Early data suggests delpacibart zotadiersen may slow down DMD

11 October 2025

A new medicine called delpacibart zotadiersen (or del-zota for short) might help slow down Duchenne muscular dystrophy (DMD).

People with DMD have a change in their genes that stops their bodies from making dystrophin, a protein that helps protect muscles. Del-zota is a type of treatment called exon-skipping. This means it hides a small part of the gene (called exon 44) so the body can make a shorter version of dystrophin that still works.

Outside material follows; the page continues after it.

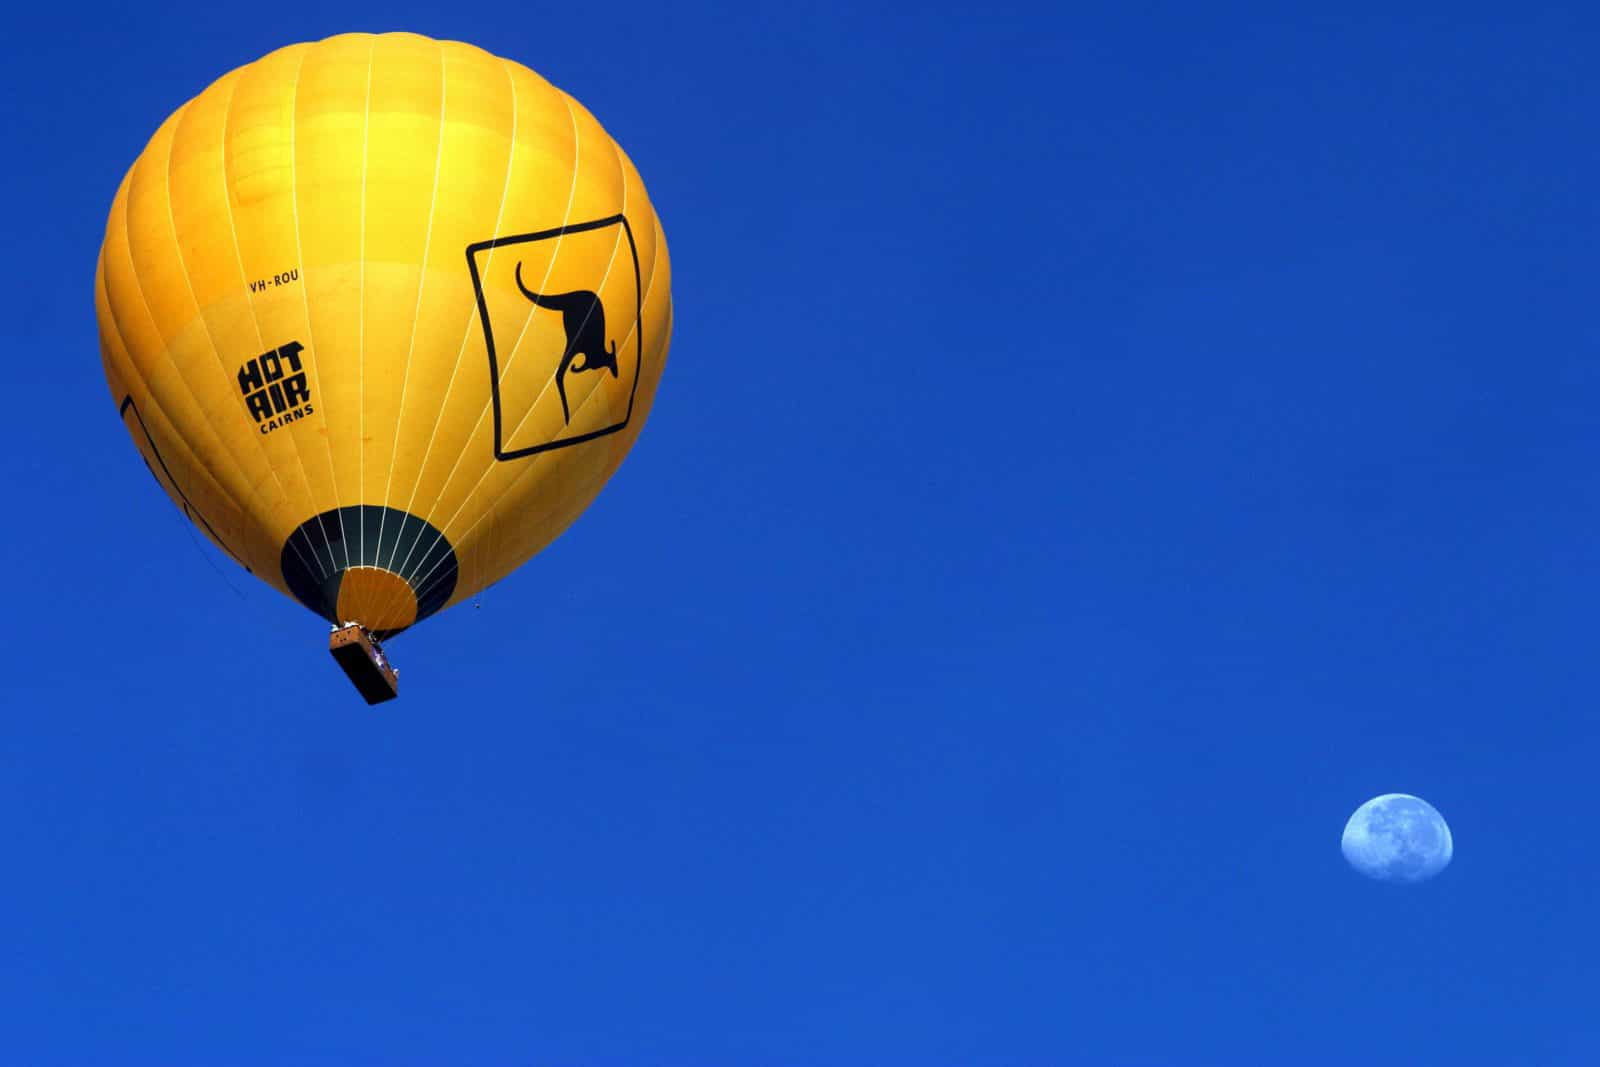 Brisbane hot air balloon rides

In the study, 23 people with DMD aged between 7 and 27 took part. Some could still walk, and some could not. After taking del-zota for around 5 months, on average, they made 25% more dystrophin than usual.

17 participants continued to receive the treatment and have been followed for around one year. During that time, the treatment helped lower levels of creatine kinase – a substance in the blood that shows muscle damage. On average, levels dropped by 80%. About half of the participants also had levels in the normal range after a year.

The study also showed that people who took del-zota did better in movement tests, like walking 10 metres or climbing stairs. These results were compared to natural history data, which shows how DMD usually changes over time without treatment.

This data is encouraging, but the study was small. A bigger trial is now needed to check if del-zota really helps people with DMD and is safe. In particular, future studies will need to compare del-zota to a placebo (dummy drug) to confirm whether the improvements in movement are truly due to the treatment.